The flowchart and block diagrams in the figures illustrate the architecture, functionality, and operation of possible implementations of systems, methods and computer program products according to various embodiments of the present disclosure. In this regard, each block in the flowchart or block diagrams may represent a module, segment, or portion of code, which comprises one or more executable instructions for implementing the specified logical function(s). It should also be noted that, in some alternative implementations, the functions noted in the block may occur out of the order noted in the figures. For example, two blocks shown in succession may, in fact, be executed substantially concurrently, or the blocks may sometimes be executed in the reverse order, depending upon the functionality involved. It will also be noted that each block of the block diagrams and/or flowchart illustration, and combinations of blocks in the block diagrams and/or flowchart illustration, can be implemented by special purpose hardware-based systems which perform the specified functions or acts, or combinations of special purpose hardware and computer instructions.
The units described in the embodiments of the present disclosure may be implemented by software or hardware. The described units may also be provided in a processor, and may be described as: a processor includes an acquisition unit, a first matching unit, a second matching unit, an extraction unit, and a determination unit. Here, the names of the units do not constitute a limitation to the unit itself in some cases, and for example, the acquisition unit may also be described as a "unit that acquires a living address information alarm text to be extracted".
As another aspect, the present disclosure also provides a computer-readable medium, which may be contained in the apparatus described in the above embodiments; or may be present separately and not assembled into the device. The computer readable medium carries one or more programs which, when executed by the apparatus, cause the apparatus to: acquiring a residence address information alarm receiving and processing text to be extracted; matching the alarm receiving text of the to-be-extracted residence address information with a residence identification extraction regular expression to obtain a residence identification position information sequence; matching the alarm receiving text of the to-be-extracted residential address information with an address extraction regular expression to obtain an address position information sequence; for each of the above-described sequences of residence identification location information, the following residence address information extraction operations are performed: determining the end position in the residence identification position information as a target end position; determining a difference obtained by subtracting the target end position from the start position in the address position information as an editing distance corresponding to the address position information for each address position information in the address position information sequence; determining a text between a starting position and an ending position in target address position information in the residence address information alarm receiving text to be extracted as residence address information corresponding to the residence identification position information, wherein the editing distance corresponding to the target address position information in each piece of address position information with a positive editing distance is the minimum; and determining the residence address information corresponding to each residence identification position information in the residence identification position information sequence as the residence address information set corresponding to the residence address information alarm receiving text to be extracted.

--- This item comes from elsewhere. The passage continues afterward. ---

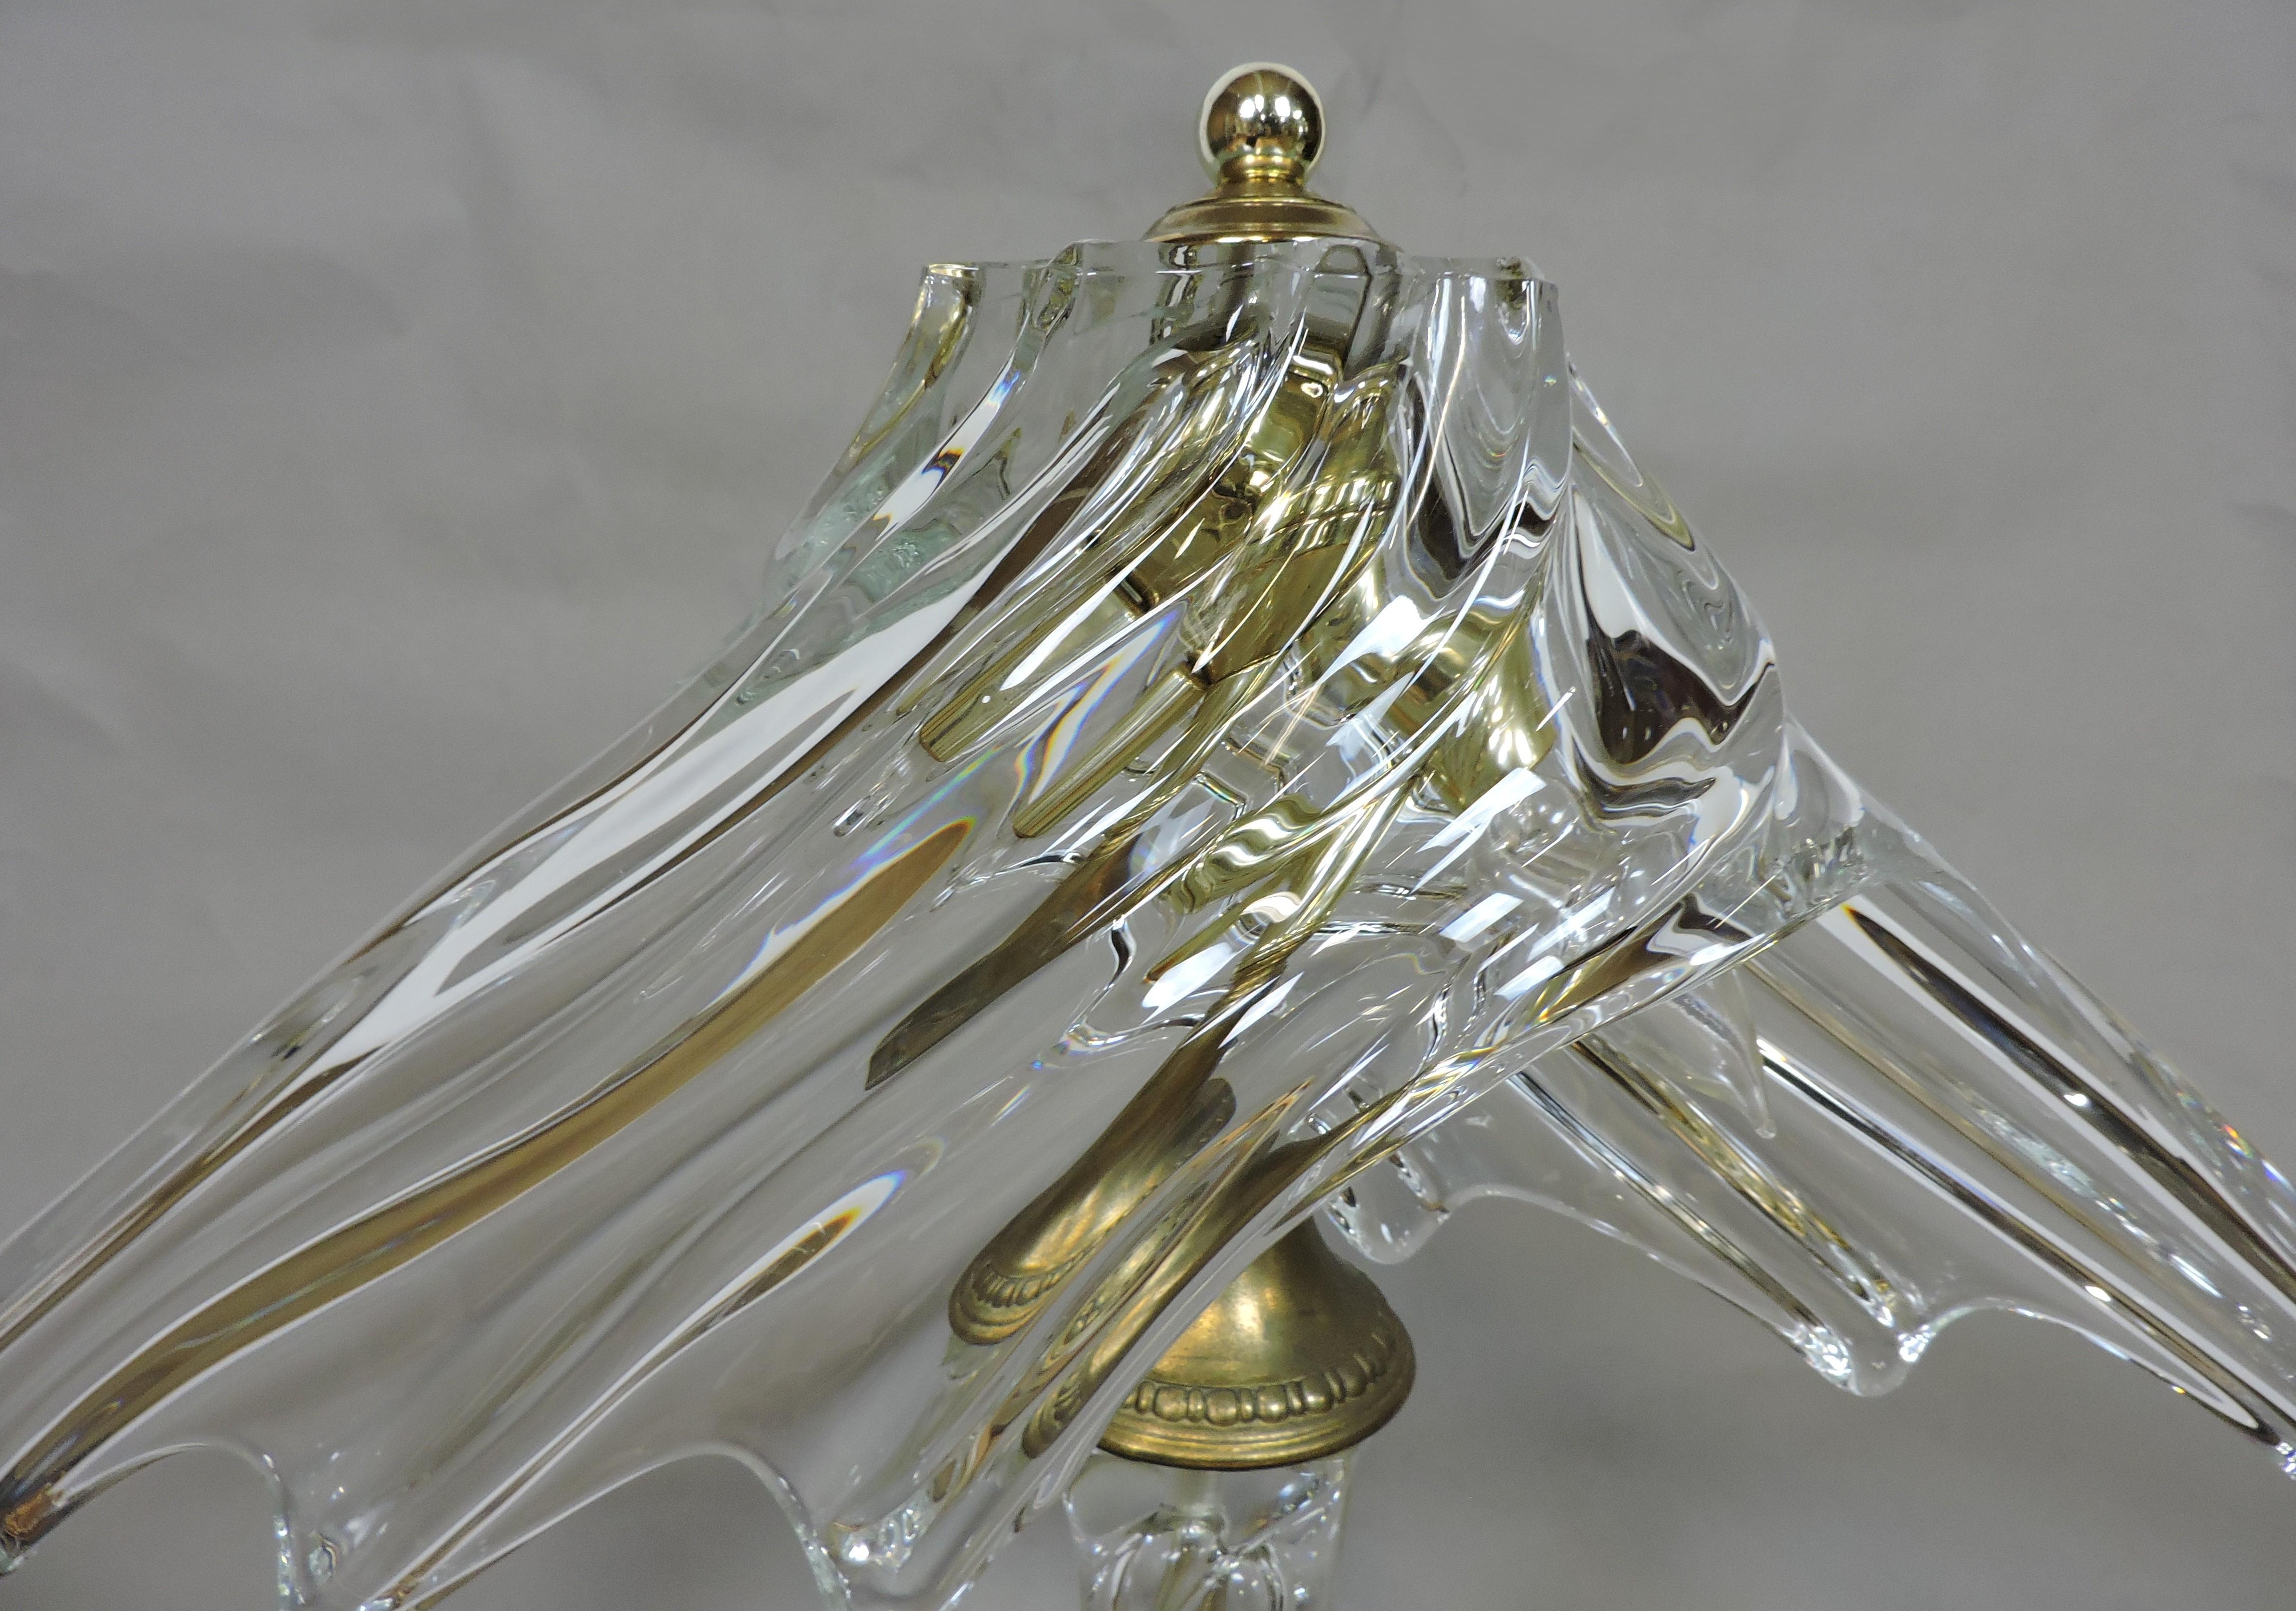 Lampe glamour en cristal soufflé à la bouche par Cofrac Art Verrier France. Cette lampe lourde et de taille impressionnante possède un abat-jour et une base de forme fluide et libre, et est magnifique lorsqu'elle est allumée. Il peut accueillir deux

The foregoing description is only exemplary of the preferred embodiments of the disclosure and is illustrative of the principles of the technology employed. It will be appreciated by those skilled in the art that the scope of the invention in the present disclosure is not limited to the specific combination of the above-mentioned features, but also encompasses other embodiments in which any combination of the above-mentioned features or their equivalents is possible without departing from the inventive concept as defined above. For example, the above features and (but not limited to) the features disclosed in this disclosure having similar functions are replaced with each other to form the technical solution.

Claims (16)

1. A regular expression-based method for extracting address information of an alarm receiving text residence, comprising the following steps:
acquiring a residence address information alarm receiving and processing text to be extracted;
matching the alarm receiving and handling text of the to-be-extracted residence address information with a residence identification extraction regular expression to obtain a residence identification position information sequence;
matching the alarm receiving and processing text of the to-be-extracted residential address information with an address extraction regular expression to obtain an address position information sequence;
for each of the sequence of residence identification location information, performing the following residence address information extraction operations: determining the end position in the residence identification position information as a target end position; for each address position information in the address position information sequence, determining the difference obtained by subtracting the target end position from the start position in the address position information as the editing distance corresponding to the address position information; determining a text between a starting position and an ending position in target address position information in the residence address information alarm receiving text to be extracted as residence address information corresponding to the residence identification position information, wherein the editing distance corresponding to the target address position information is the minimum in each address position information with a positive editing distance;
and determining the residence address information corresponding to each residence identification position information in the residence identification position information sequence as a residence address information set corresponding to the to-be-extracted residence address information alarm receiving text.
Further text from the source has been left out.